Identifier les cibles prioritaires de la politique industrielle et commerciale pour rependre la main sur notre empreinte carbone.
La France dispose d’un avantage comparatif majeur: la production nationale de produits manufacturés émet en moyenne 56% de moins par euro que nos importations. Si les équipements électriques importés de Chine concentrent l’attention, la chimie européenne et le textile chinois génèrent des émissions importées du même ordre.
Pour chaque couple "famille de produits - zone géographique", nous avons estimé l’écart entre les émissions importées et celles qu’émettrait la France pour satisfaire la même demande. Les trois couples produits-pays pour lesquels la production en France présenterait le gain climatique mondial le plus élevé sont:
• Les équipements électriques importés de Chine, qui représentent 6 Mds€ d’importations et 5,95 MtCO2e de gain climatique mondial.
• Le textile importé de Chine, avec 8,5 Md€ d’importations et 5,2 MtCO2e de gain climatique mondial.
• La chimie importée de l’UE hors Allemagne, avec 21 Md€ d’importations et 4,4 MtCO2e de gain climatique mondial.
Une telle hiérarchisation par couple produit-zone offre une grille plus fine que la seule géographie des partenaires pour orienter la préférence européenne et les politiques commerciales.
Grâce à l’un des mix électriques les moins carbonés au monde, produire en France émet structurellement moins de CO2 que chez la quasi-totalité de nos partenaires commerciaux.

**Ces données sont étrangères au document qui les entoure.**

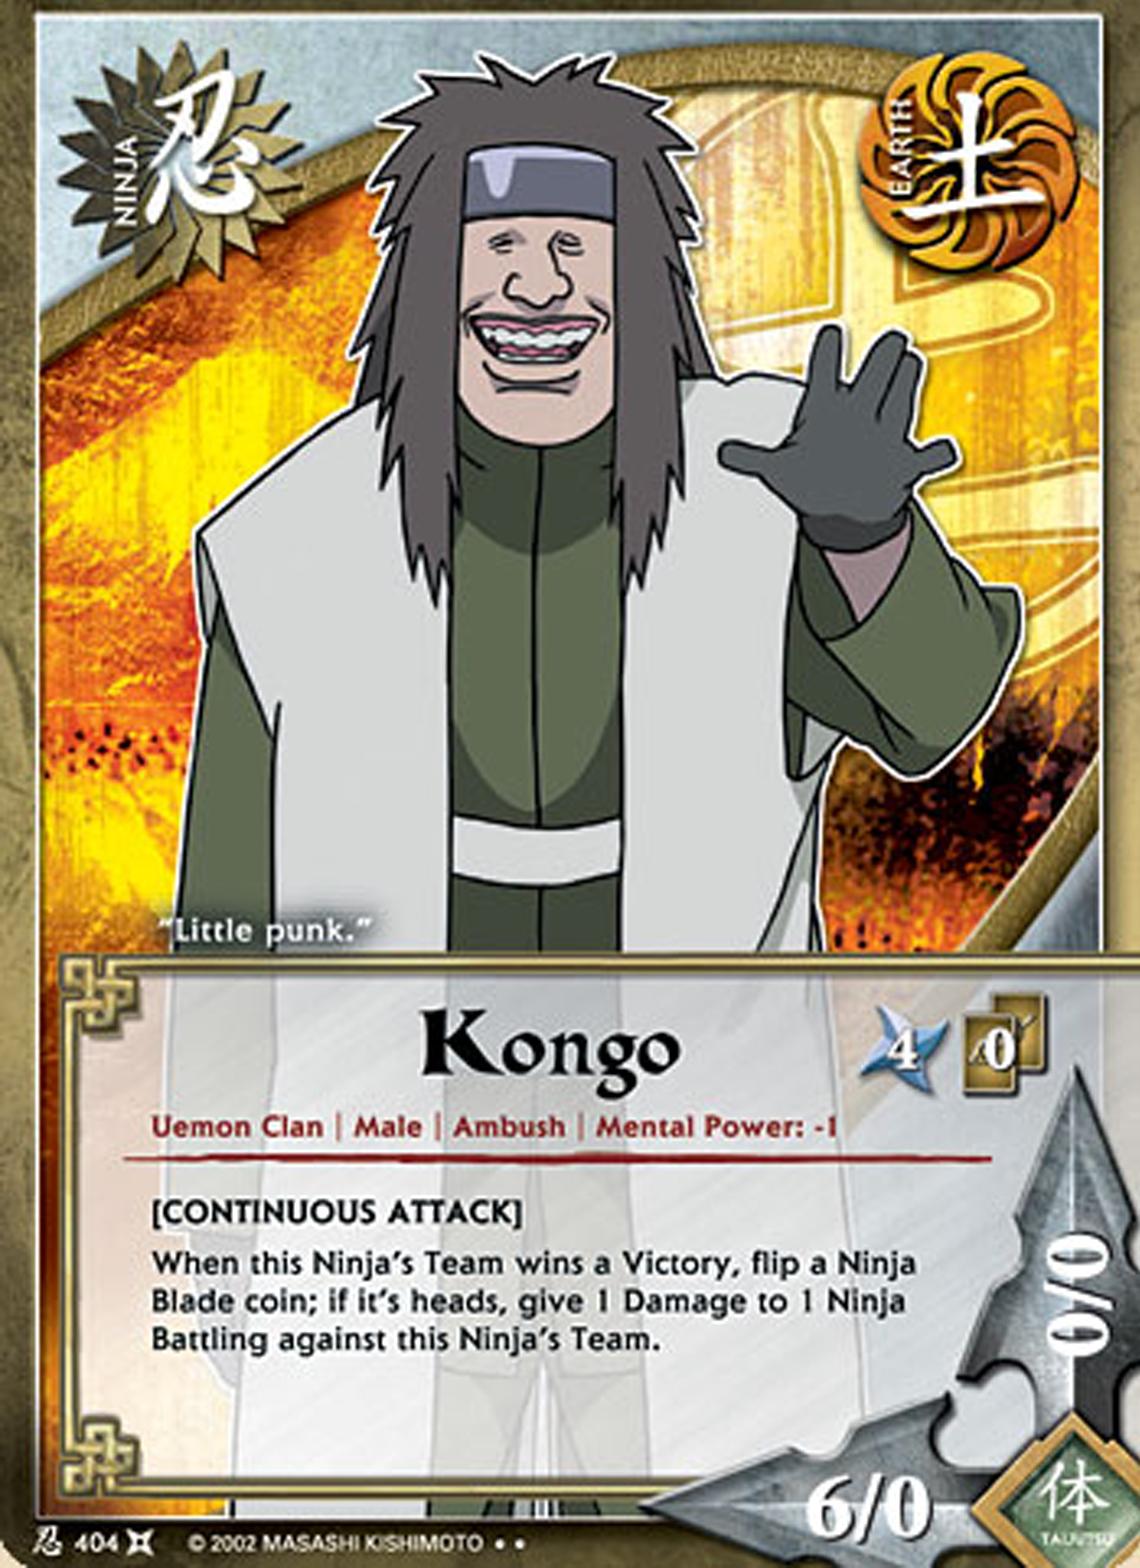 Pin by Enilton Souza on Naruto X Boruto | Anime, Boruto ...
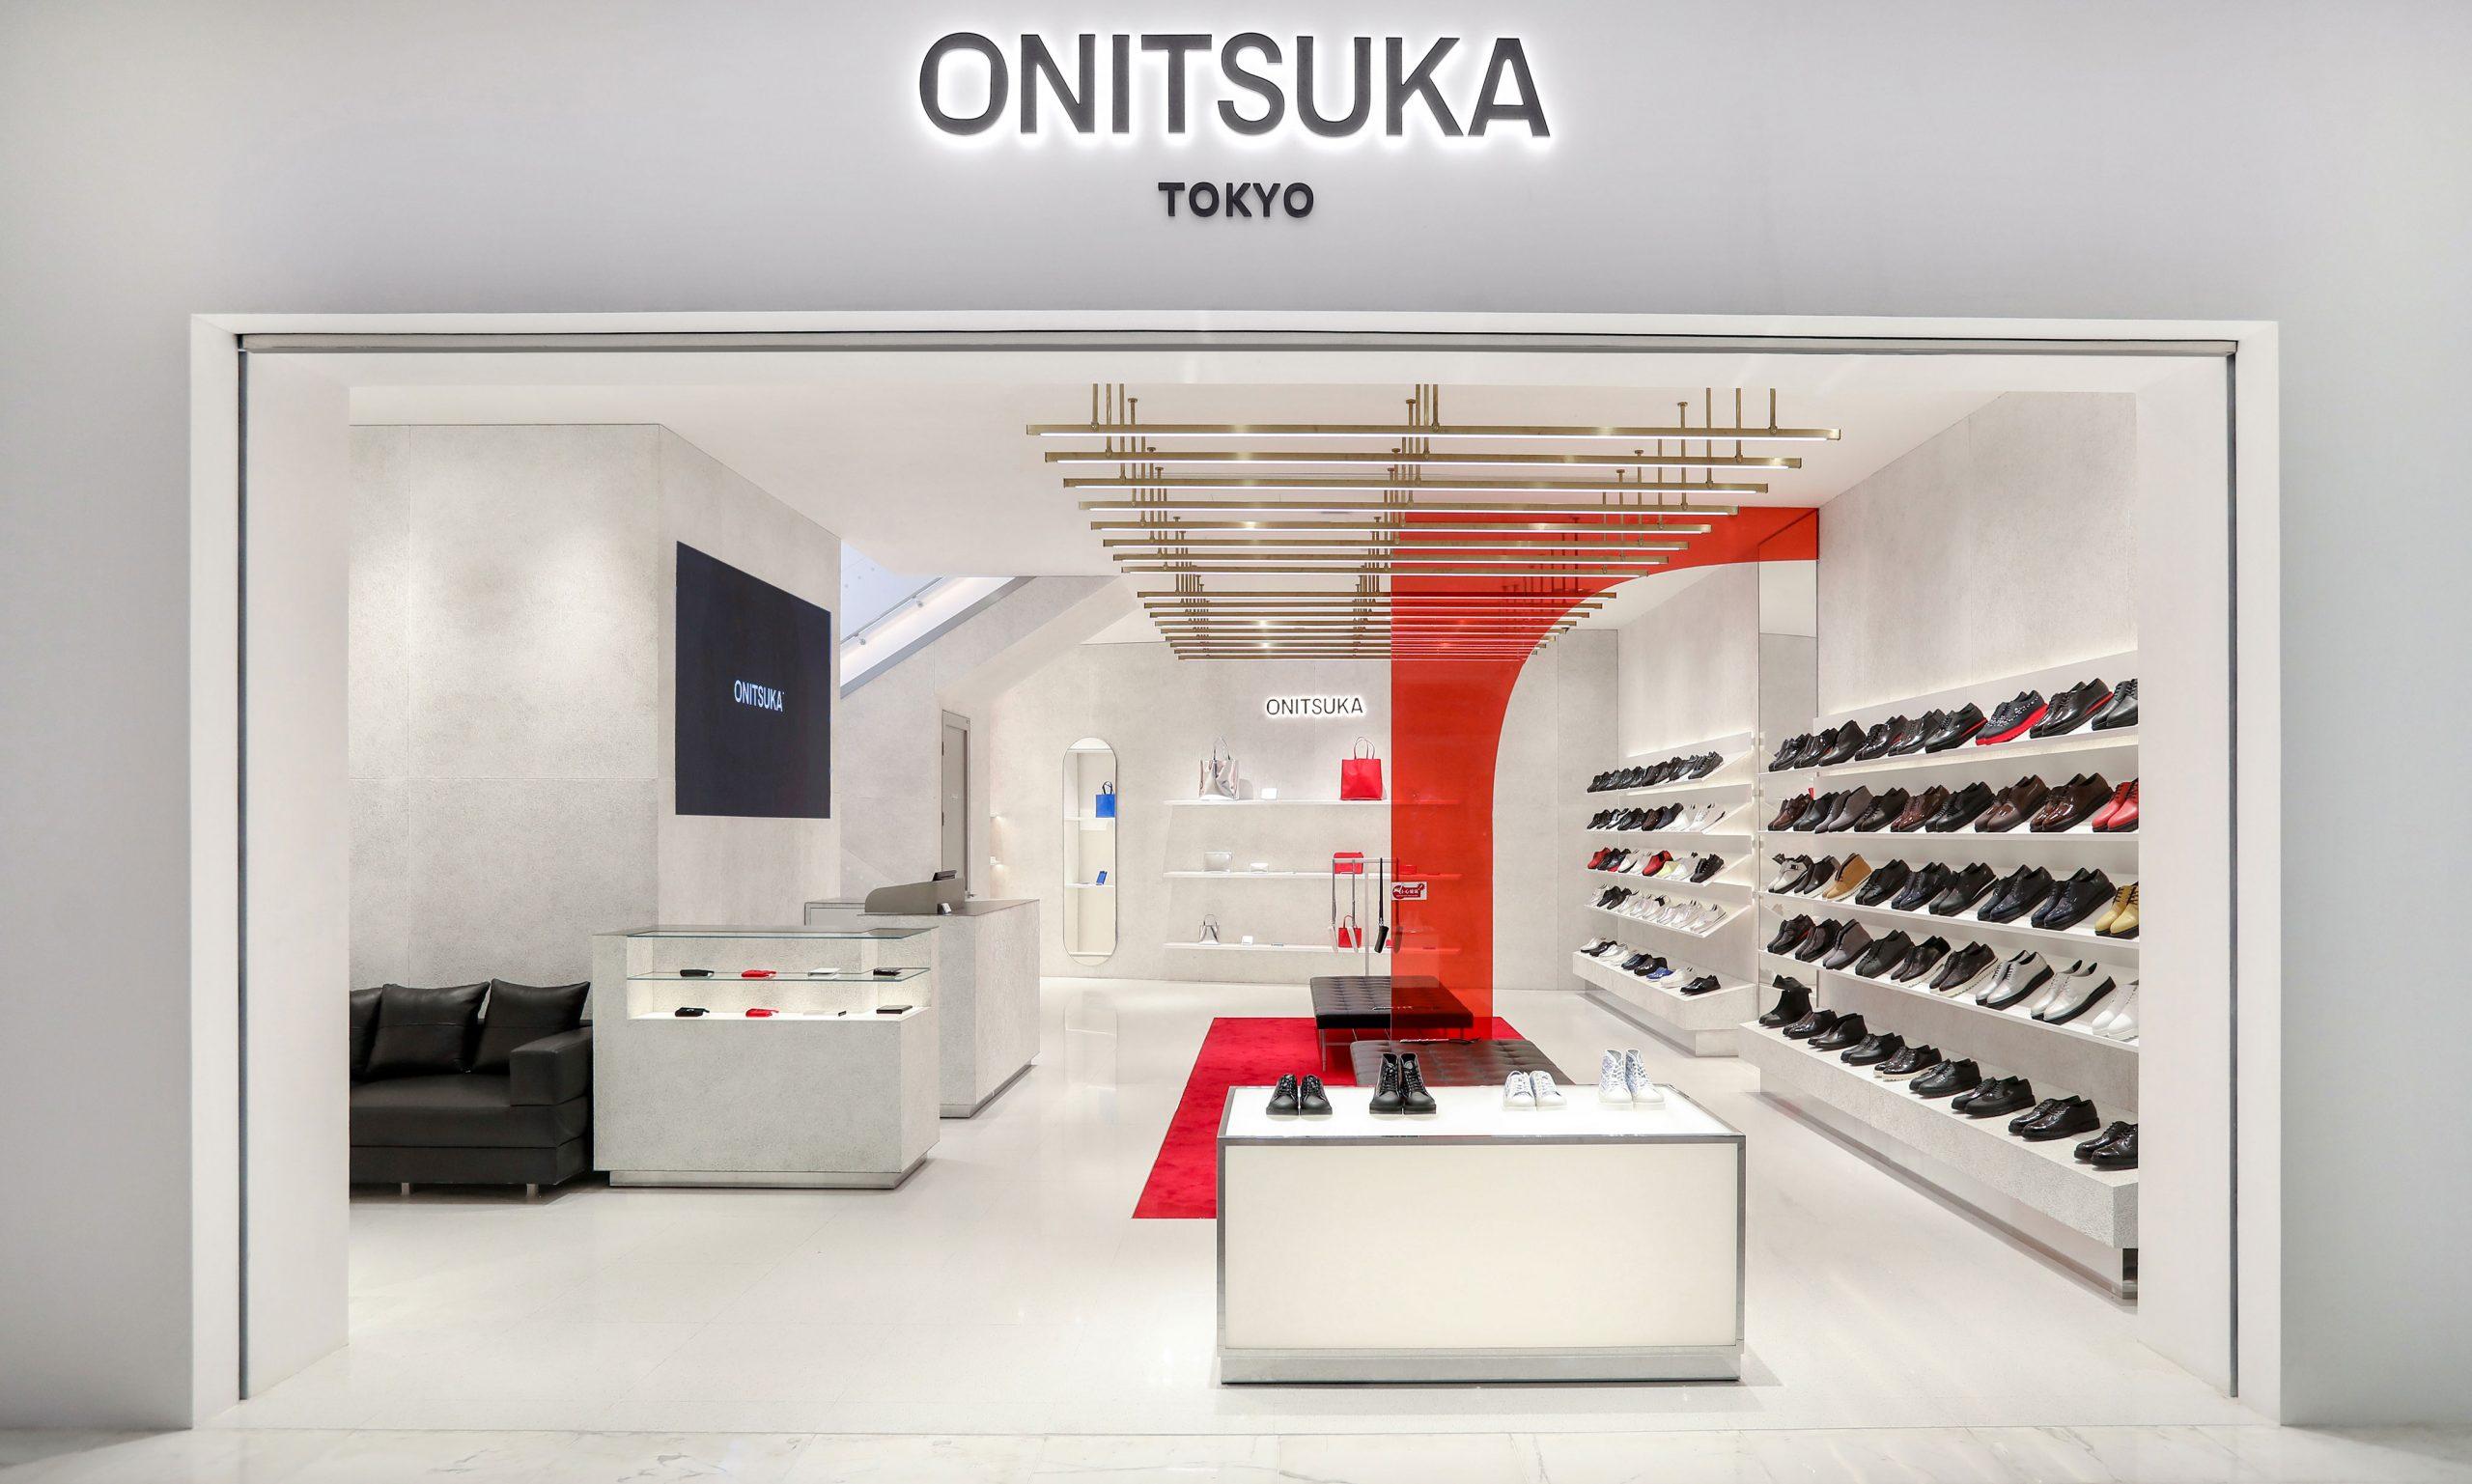 THE ONITSUKA™ 国内首家精品店盛大开幕
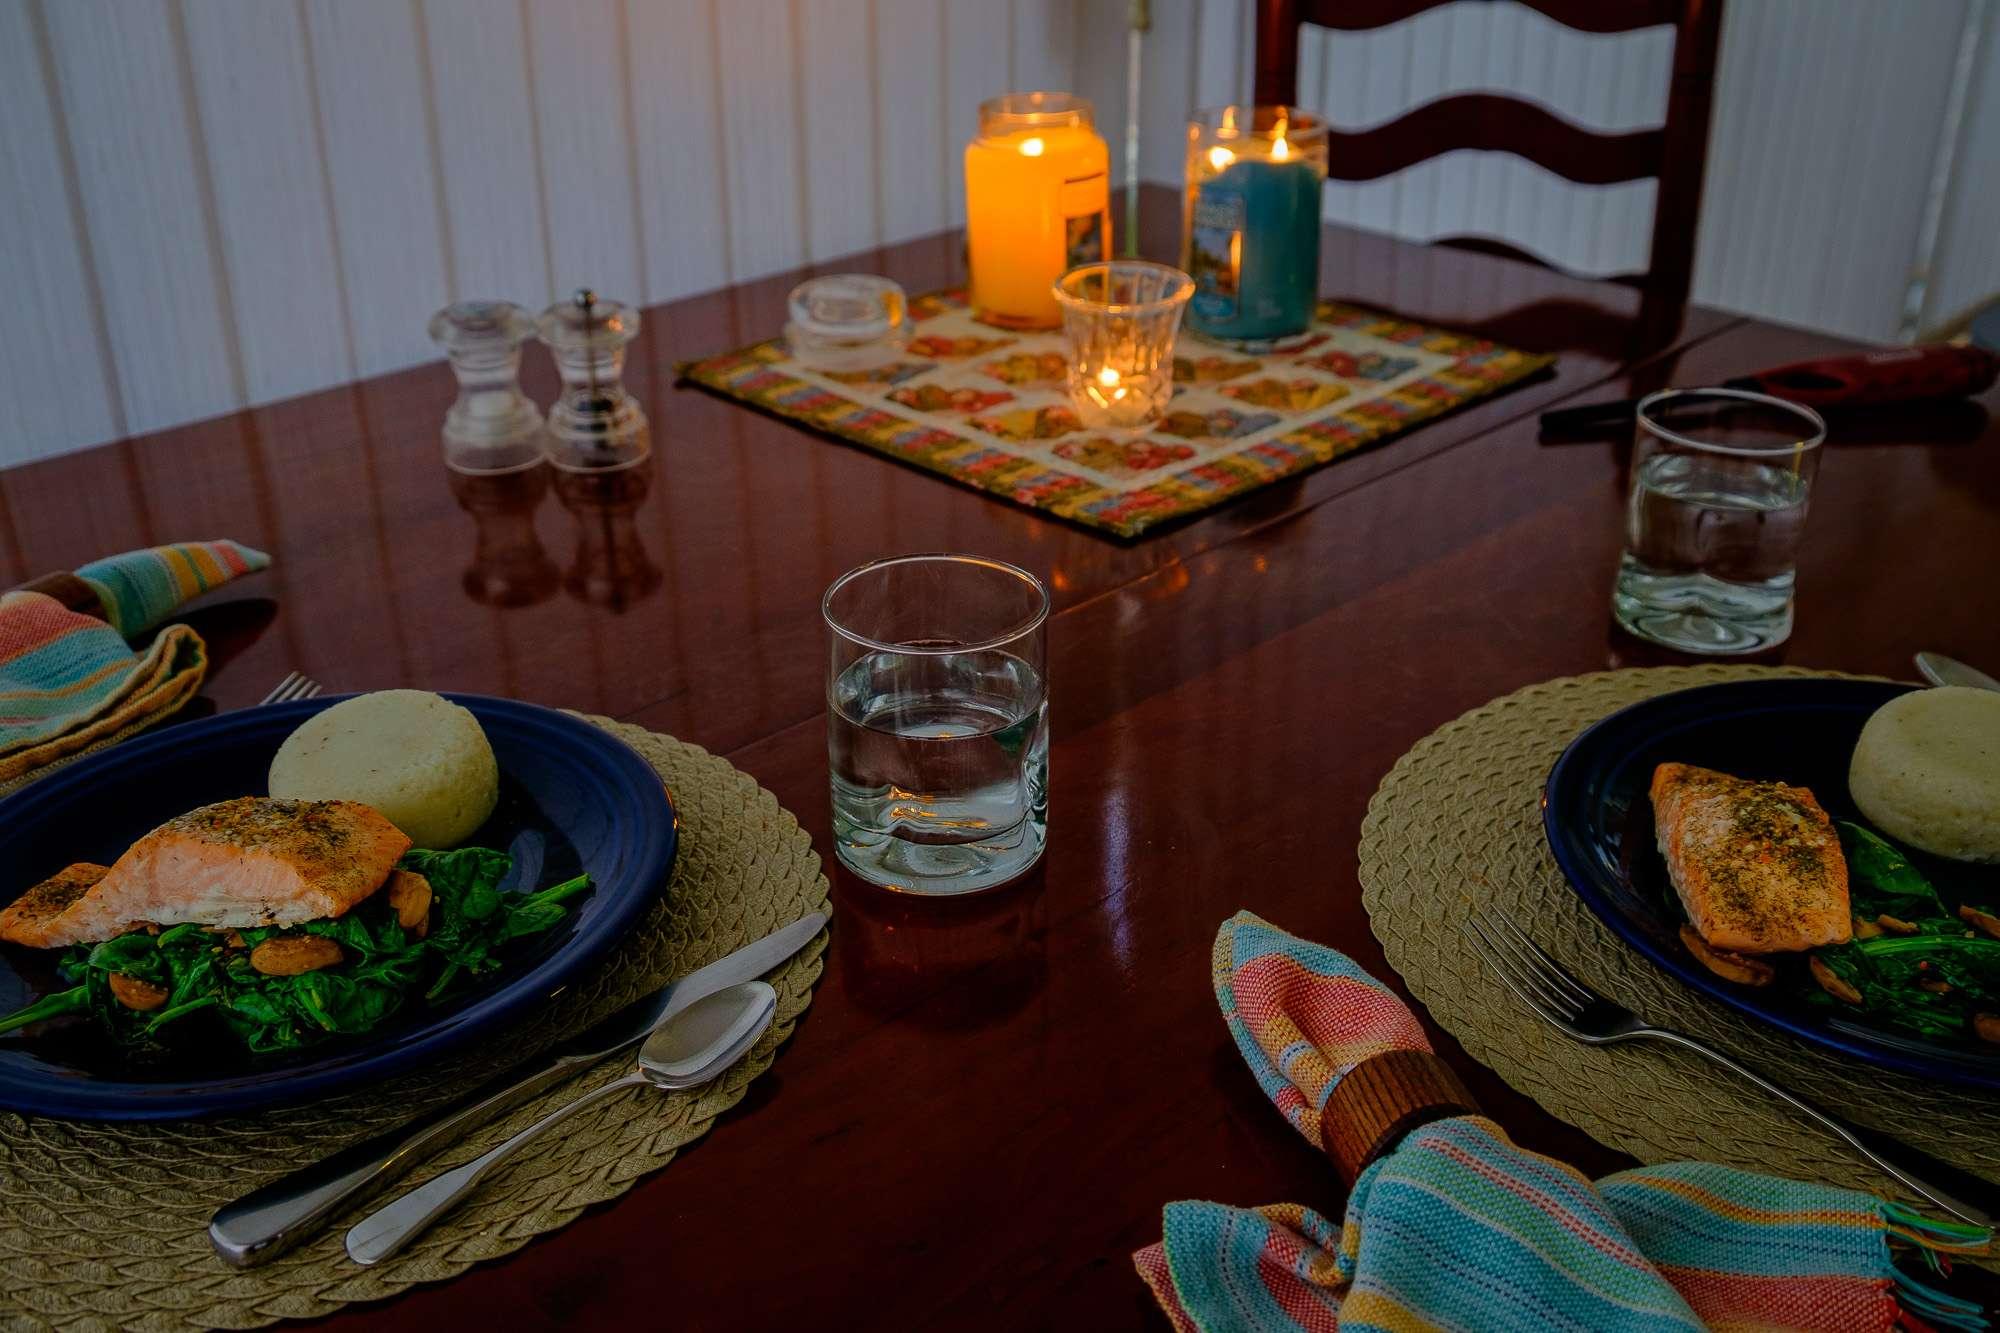 Ed Batsel - Food - Dinner Time

Trois leviers pour jouer l'atout de notre mix-électrique et réduire notre empreinte carbone:
• Se doter d’un tableau de bord des émissions importées croisant famille de produits et provenance géographique.
• Adapter les instruments existants: 94% de nos émissions importées sont en dehors du champ du Mécanisme d’Ajustement Carbone aux Frontières (MACF), pourtant censé freiner nos importations de carbone.
• Renforcer les dispositifs de réindustrialisation vers les secteurs aux meilleurs gains climatiques et économiques.